**Information shown**
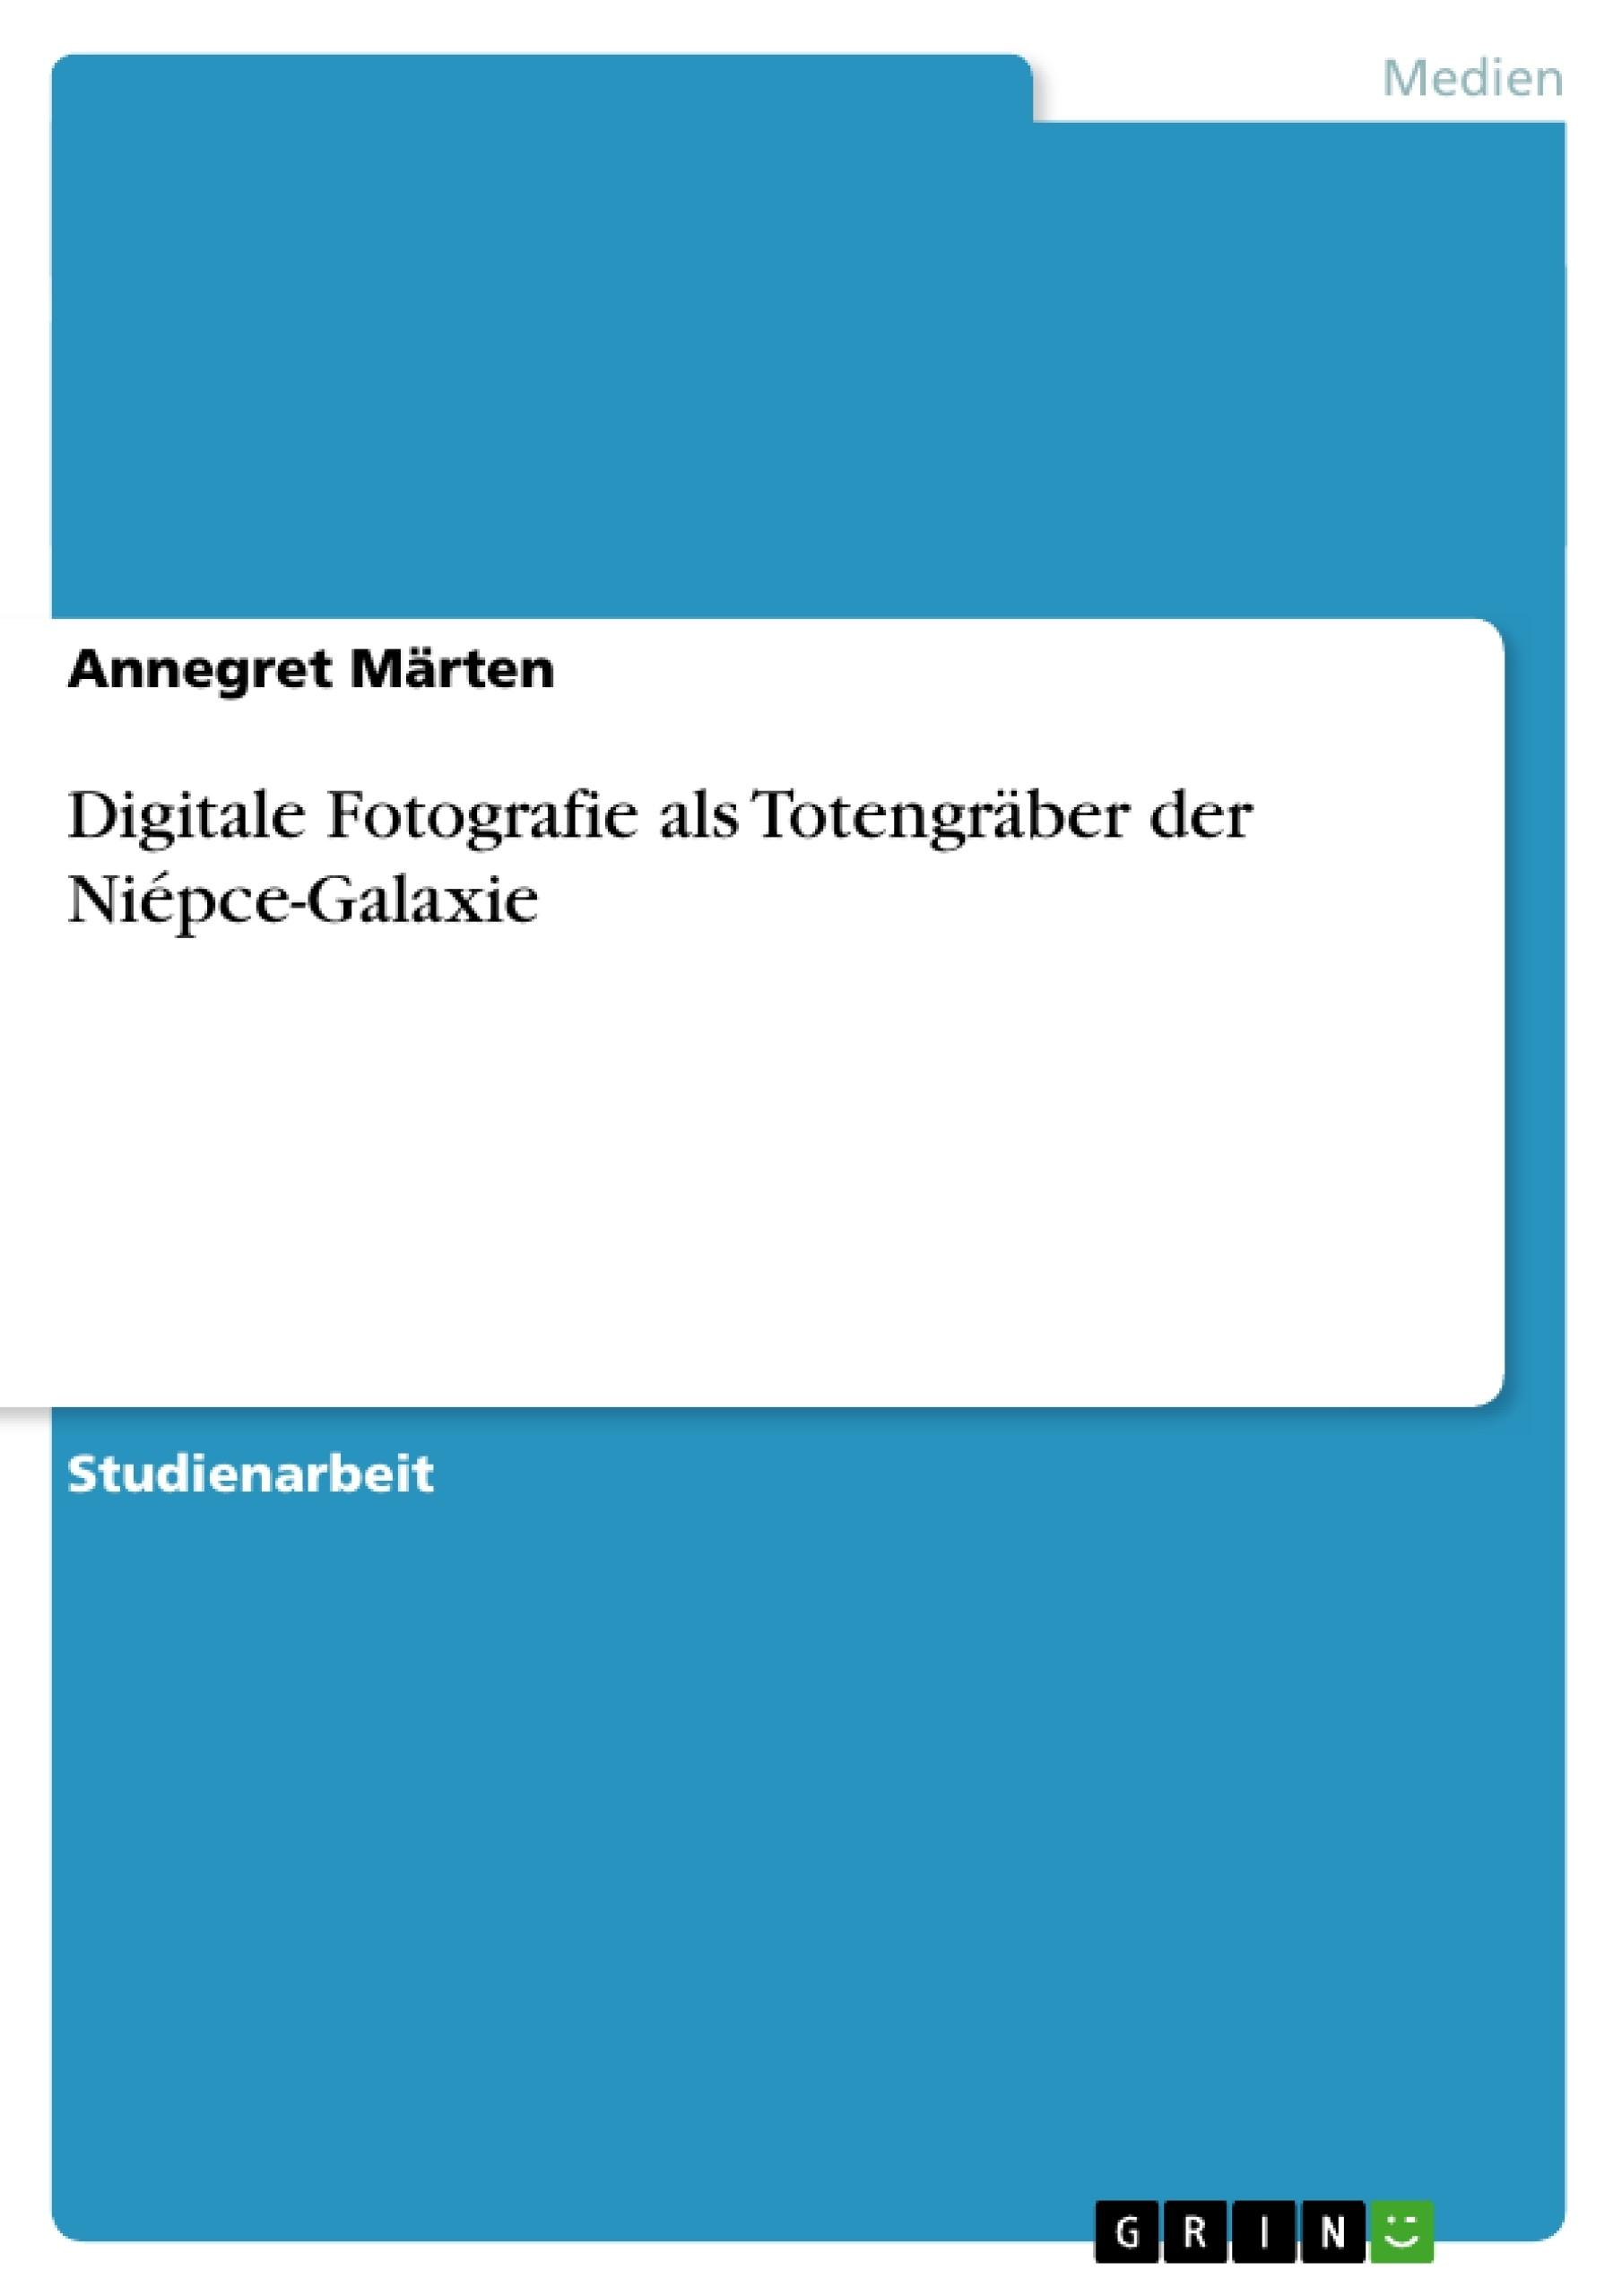 Titel: Digitale Fotografie als Totengräber der Niépce-Galaxie
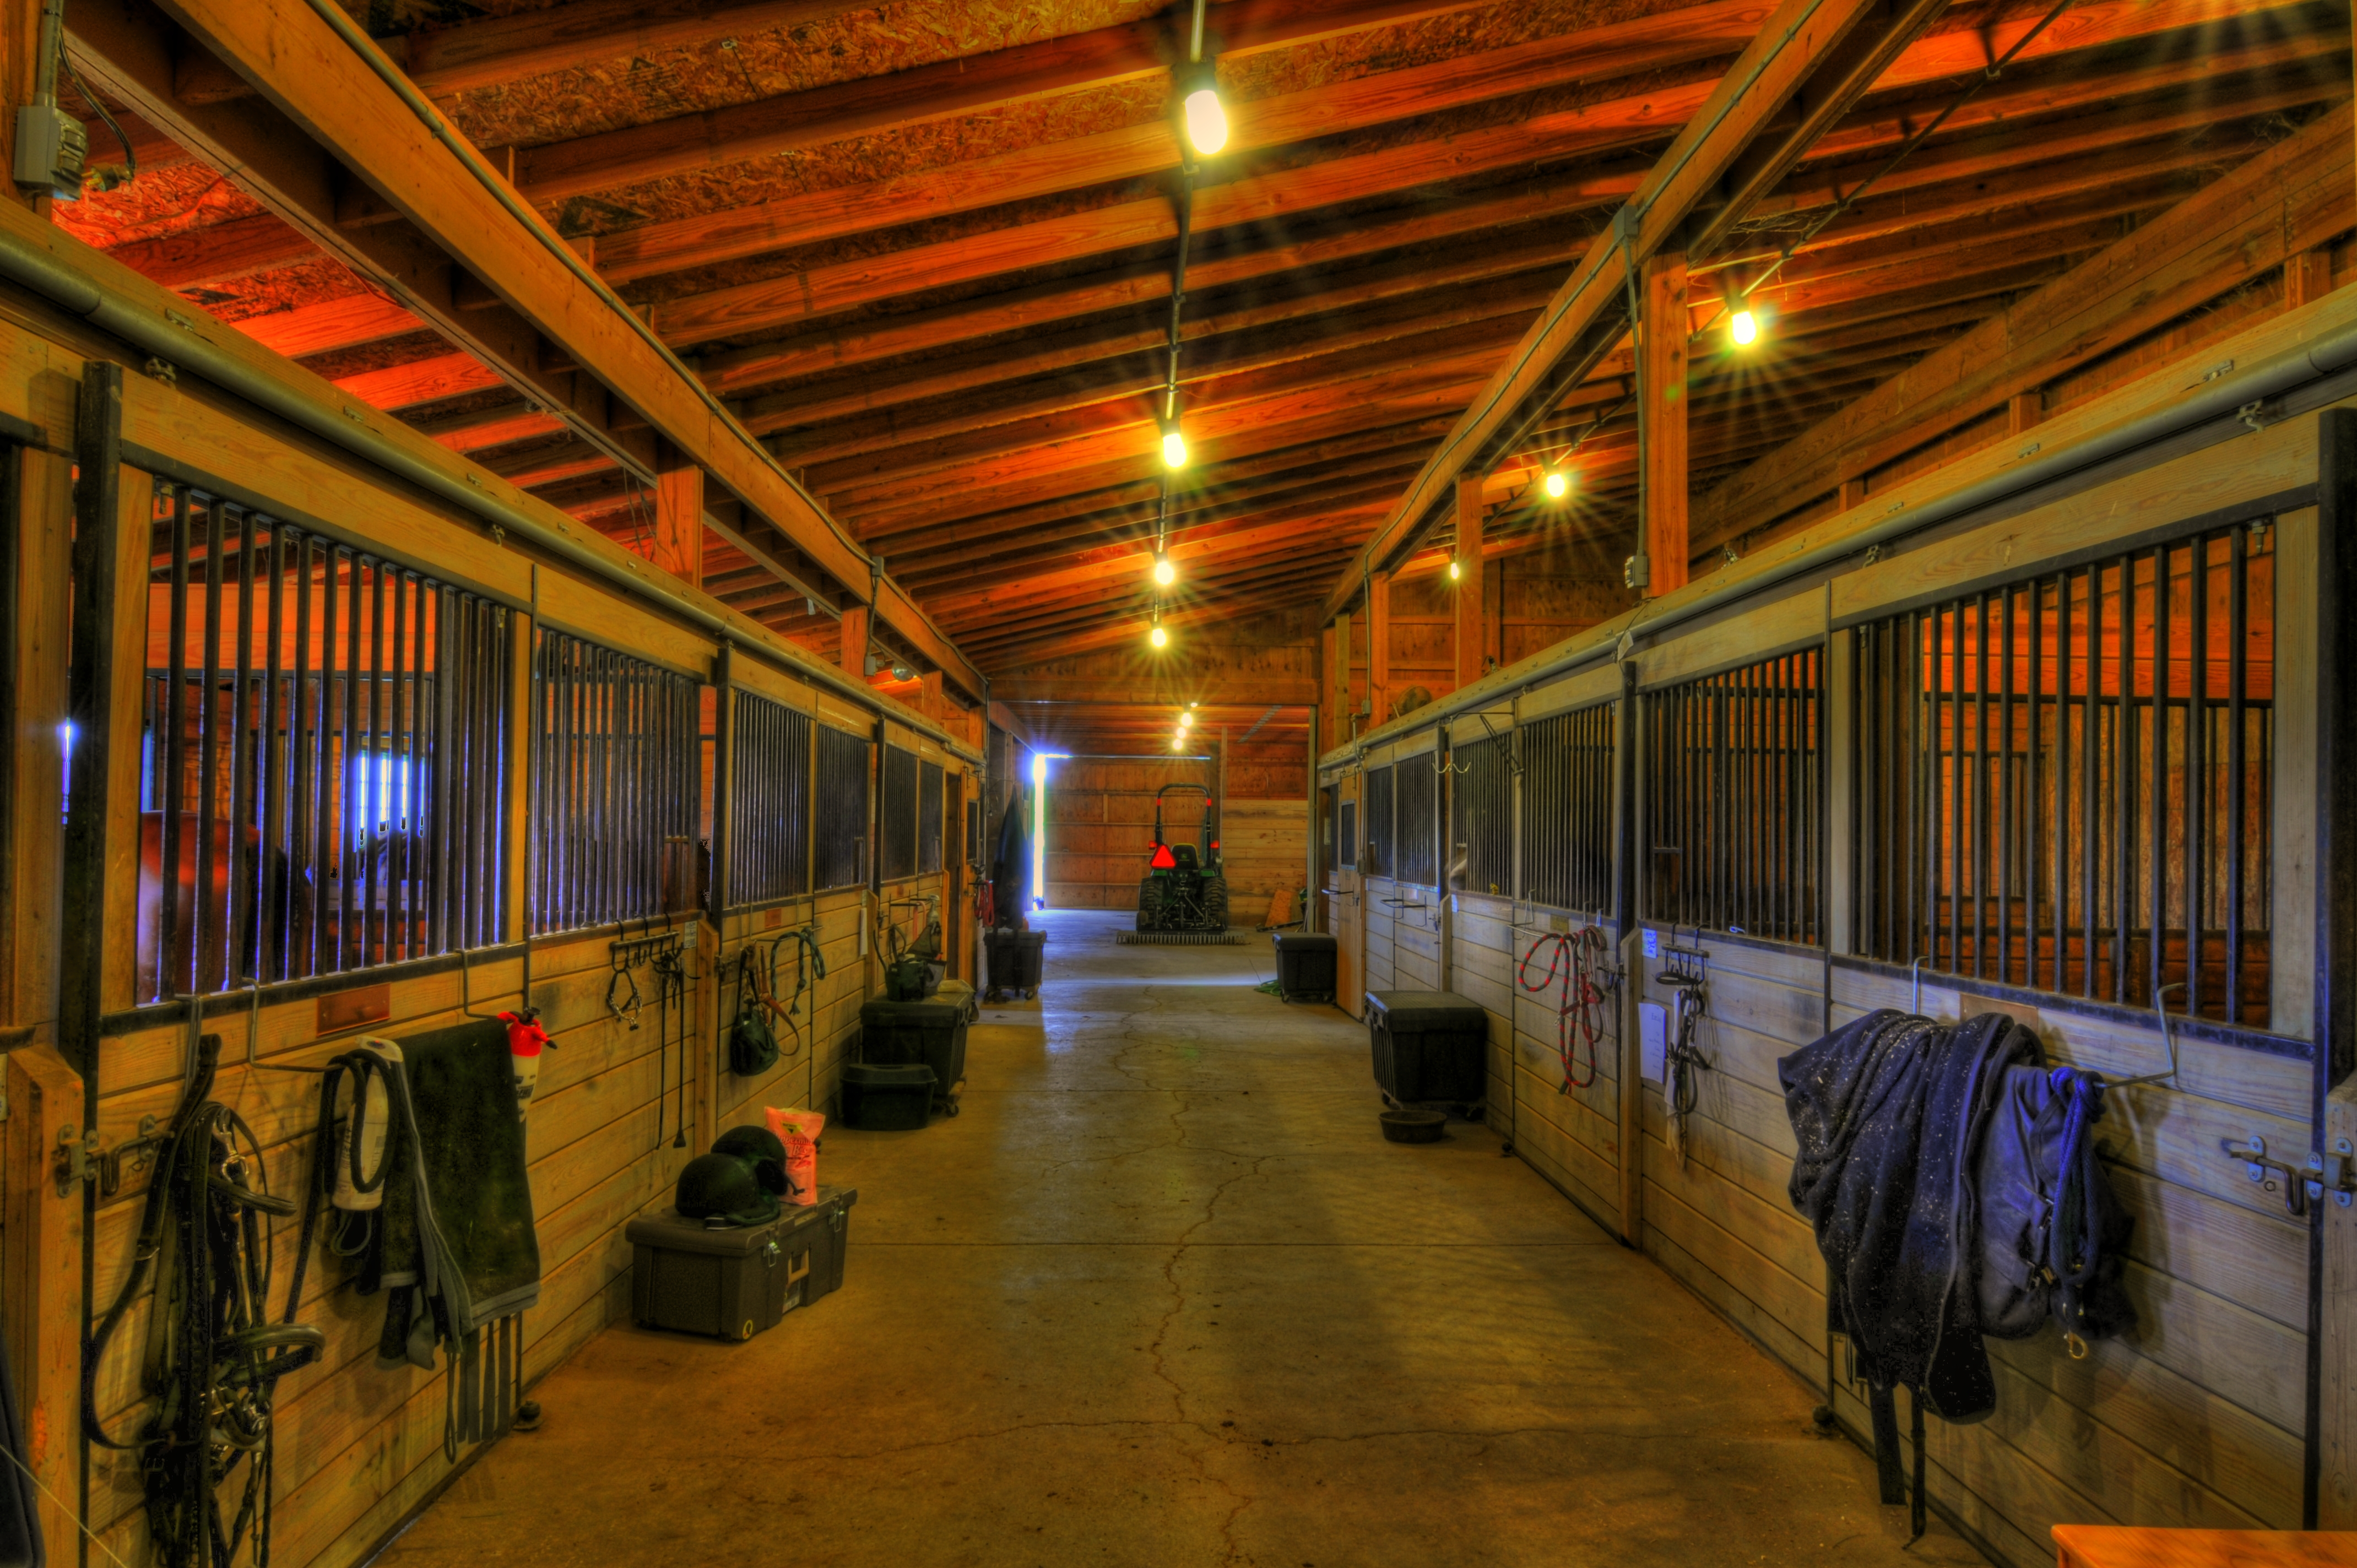 File:Highmark Farm - Inside the barn (4590218495).jpg ...
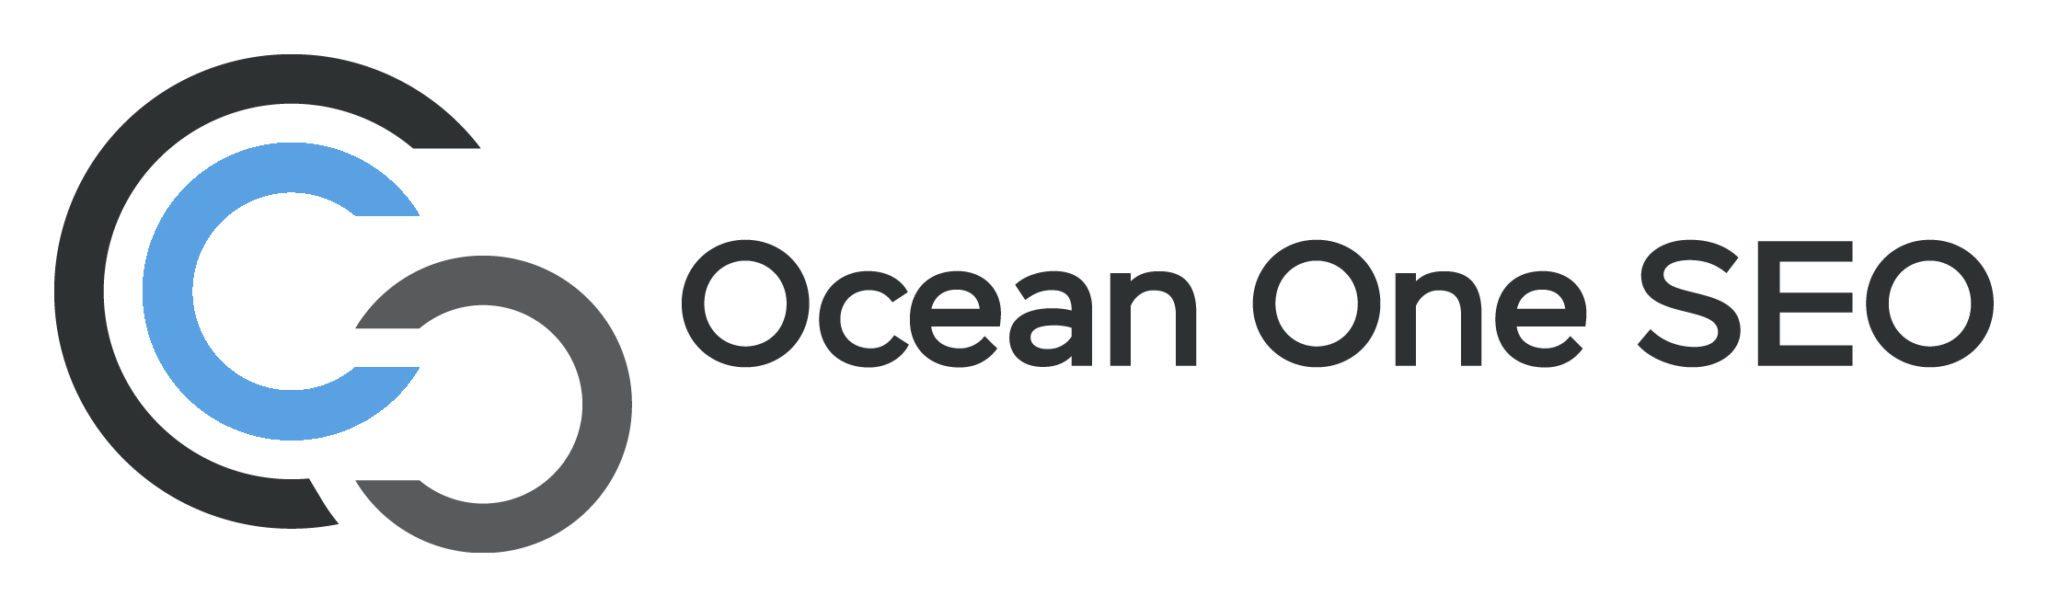 Ocean One SEO

**Exercise brief**
Retype the full listing exactly; pictures stay out.

**Task answer**
 Titel: Digitale Fotografie als Totengräber der Niépce-Galaxie
 File:Highmark Farm - Inside the barn (4590218495).jpg ...
 Ocean One SEO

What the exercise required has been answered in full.